Eighth Annual National Urban Service-Learning Institute Explored Connections between Service-Learning and STEM

On August 15 and 16, more than 200 educators and researchers from across the United States came together in St. Paul, Minn., at the Eighth Annual National Urban Service-Learning Institute. This year, the gathering took place within the Colloquium on P-12 STEM Education Research at the University of Minnesota. Attendees explored how service-learning can help improve and integrate science, technology, engineering, and math (STEM) instruction, particularly in urban settings.

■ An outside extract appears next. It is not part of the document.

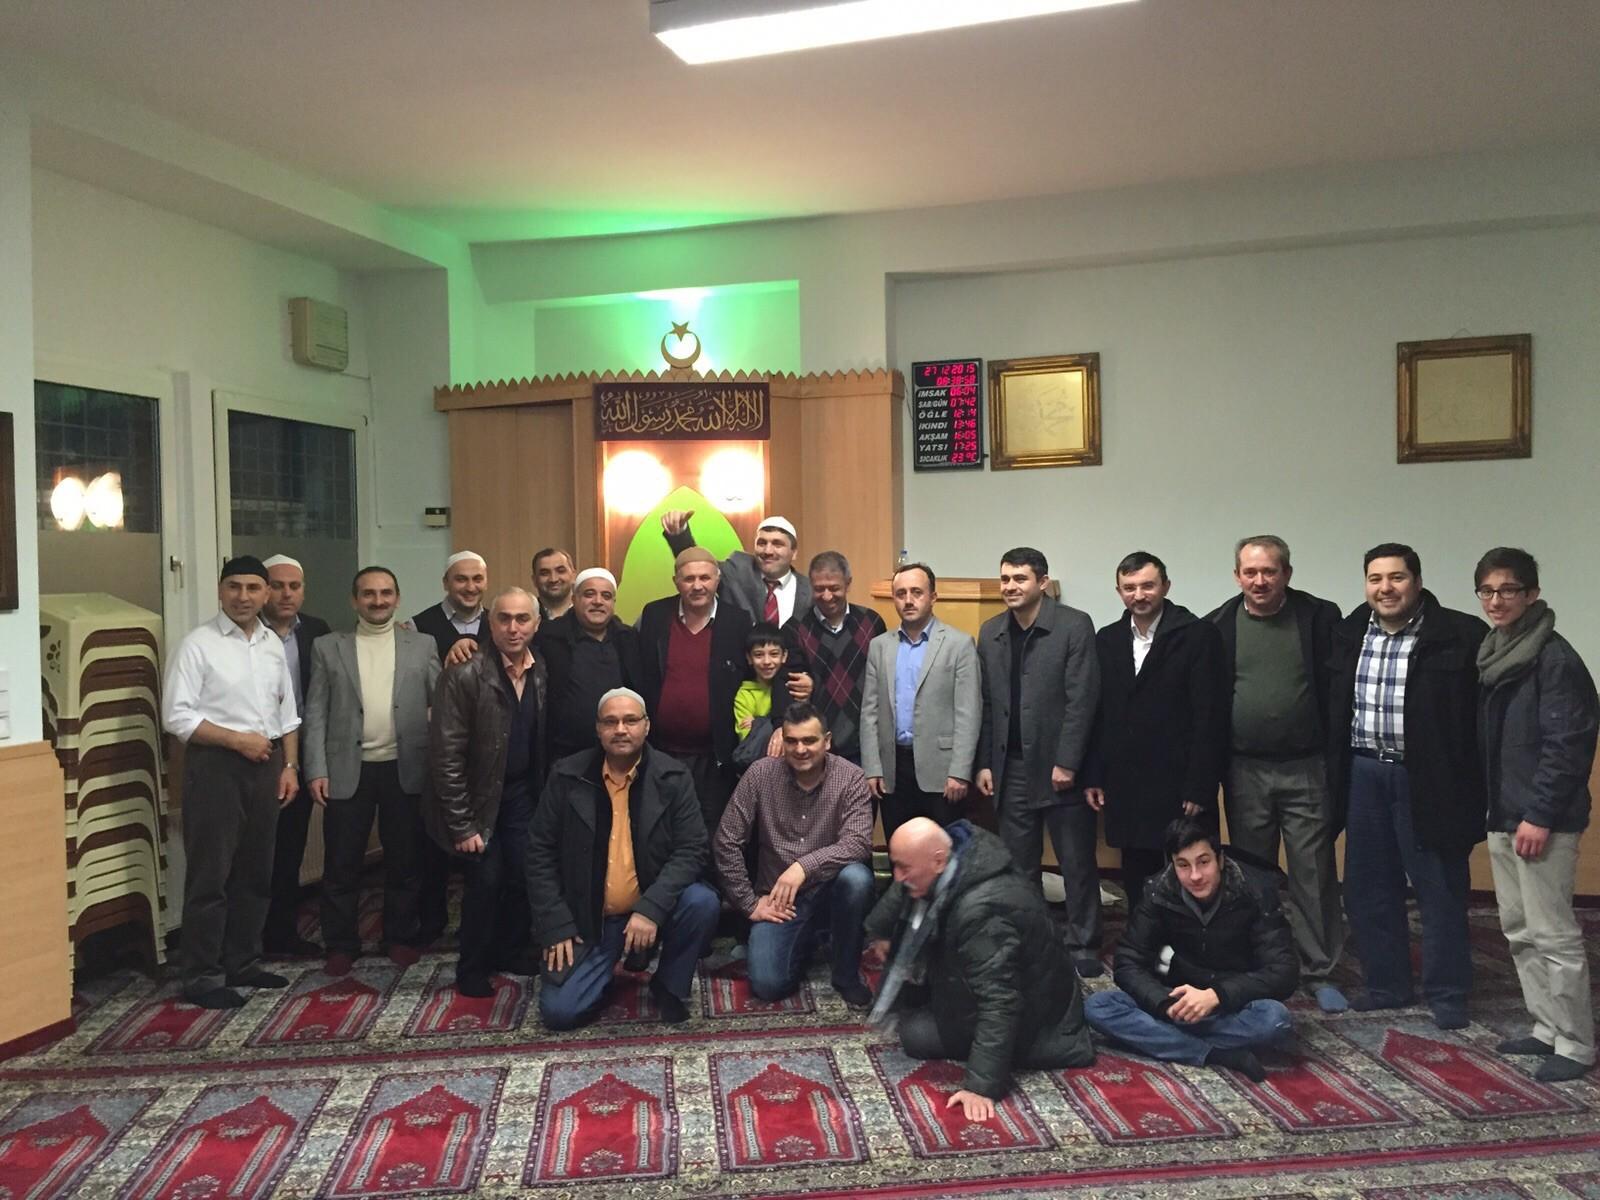 Ditib Muradiye Camii  27.12.2015

By joining with the University of Minnesota’s STEM Education Center, NYLC had an opportunity to reach teachers and researchers previously unfamiliar with service-learning. A series of workshops and sessions help attendees implement academically rigorous service-learning, learn about evaluation results of successful STEM focused service-learning programs, and explore what service-learning means in an urban context. 

STEM education has become an increasingly important area of interest in education due to the increasing number of jobs that rely on employees skilled in those subjects.  According to the National Science Board the total number of jobs in the science and engineering fields will more than double from 2006 to 2016. The increasing gap in girls and minorities pursuing STEM careers was presented as a vital issue to address, and many of the presenters during the Colloquium dedicated sessions to innovative ways to work with those students.

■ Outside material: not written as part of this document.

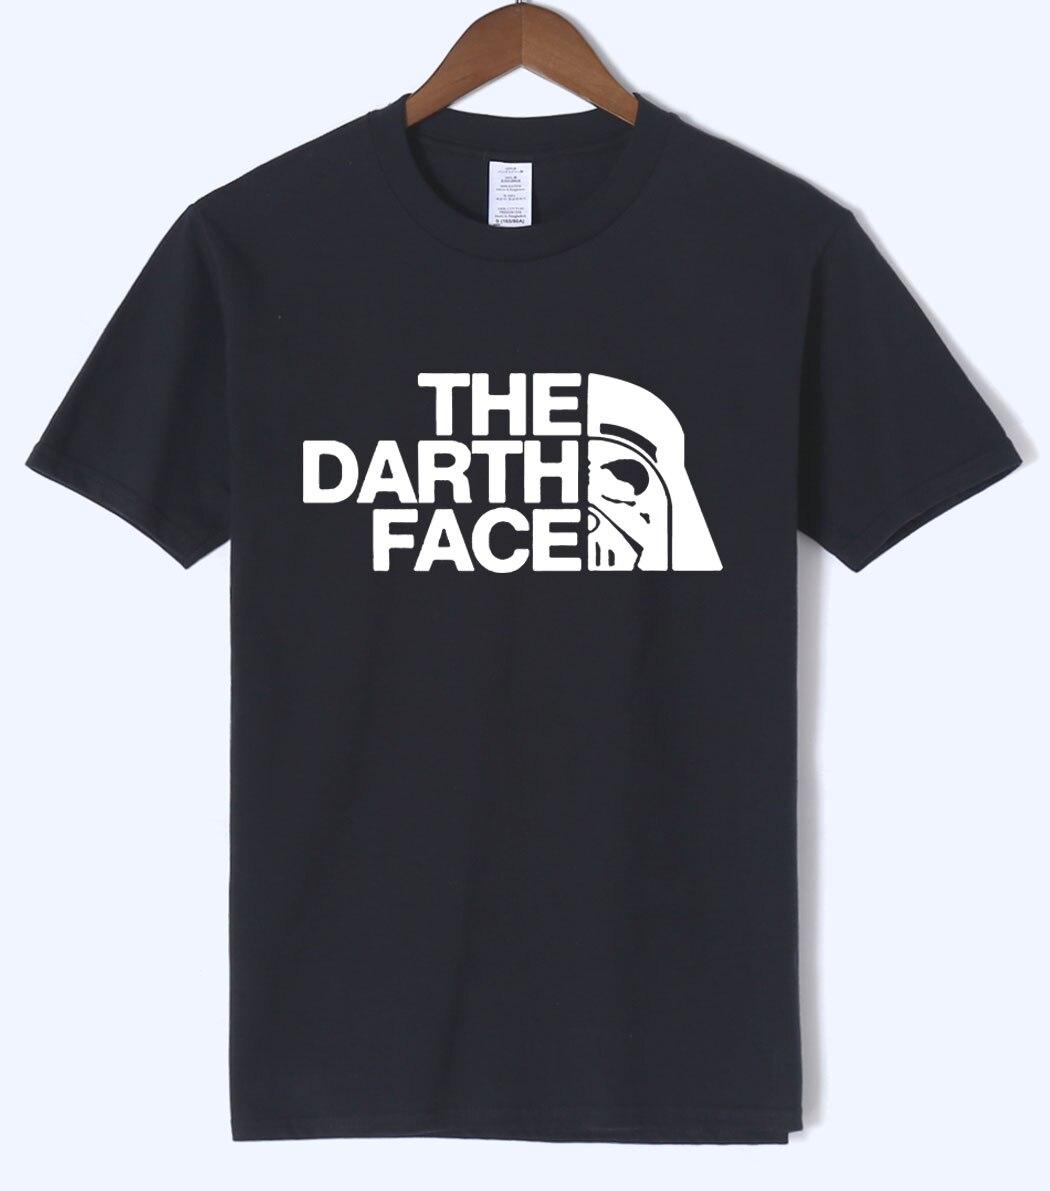 2018 DIE DARTH GESICHT muster männer T-shirts sommer kurzarm fitness T-shirt marke kleidung top tees undertale t hemd männer heißer

Patricia Paulson from Bethel University presented a program that allows young girls to spend a day in the University’s science labs with female professors and STEM professionals. The girls experience STEM in small groups with supportive mentors and participate in hands-on projects specially designed to be personally relevant. The girls experience STEM at a university level and meet women in the STEM fields — experiences that these young girls may have never have considered a possibility in the past.

Eric Jolle, president of the Science Museum of Minnesota, spoke to the importance of reaching different cultures through the STEM disciplines. Drawing on his Native American heritage and the example of making a basket , he emphasized that we must “learn the metaphors for the communities in which we are teaching.”  The basket has cultural relevance but also offered a lesson in volume, math, and physics that students can relate to.

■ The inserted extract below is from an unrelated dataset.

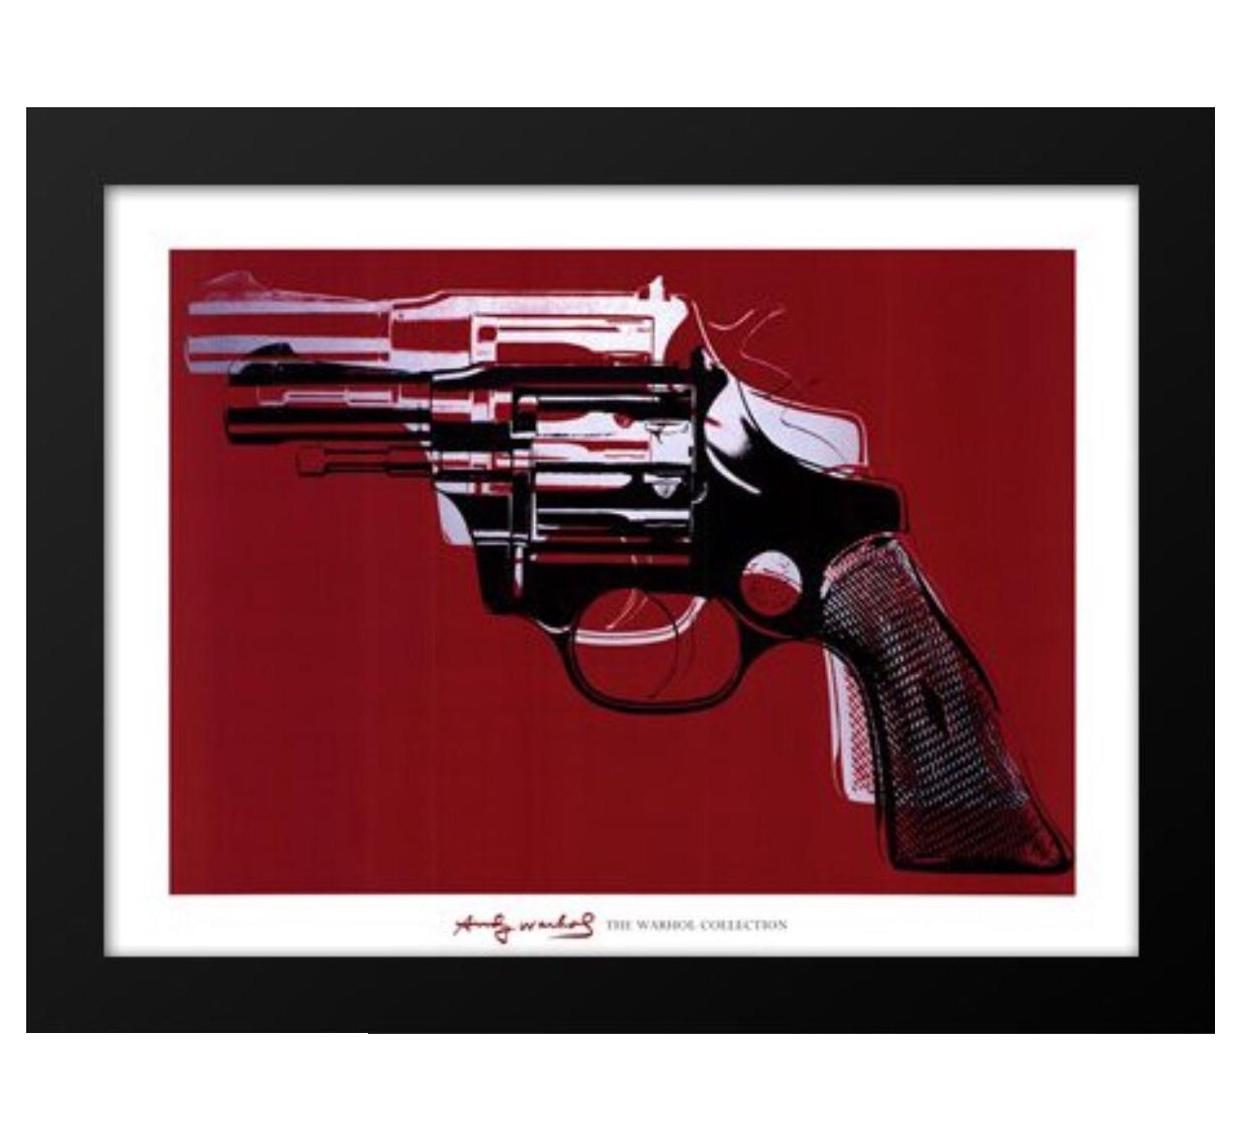 1981 Gun Andy Warhol Framed Print Chairish

NYLC’s sessions focused on best practices for developing urban stewards through service-learning, designing academically rigorous service-learning opportunities focusing on STEM subjects, and strong evaluation results from NYLC’s Generator Go Green Initiative. “Service-learning gives students the opportunity to see and understand real-world connections to what they learn in their science classrooms,” said Elizabeth Koenig, coordinator for NYLC’s Generator Go Green Initiative. “Students are able to connect learning about photosynthesis to the growth in the community garden, or observe the ecosystems that they read about in action in their local park.” By connecting service-learning to teach STEM, teachers are able to connect with students who might otherwise not have seen themselves pursuing further education and employment in STEM fields.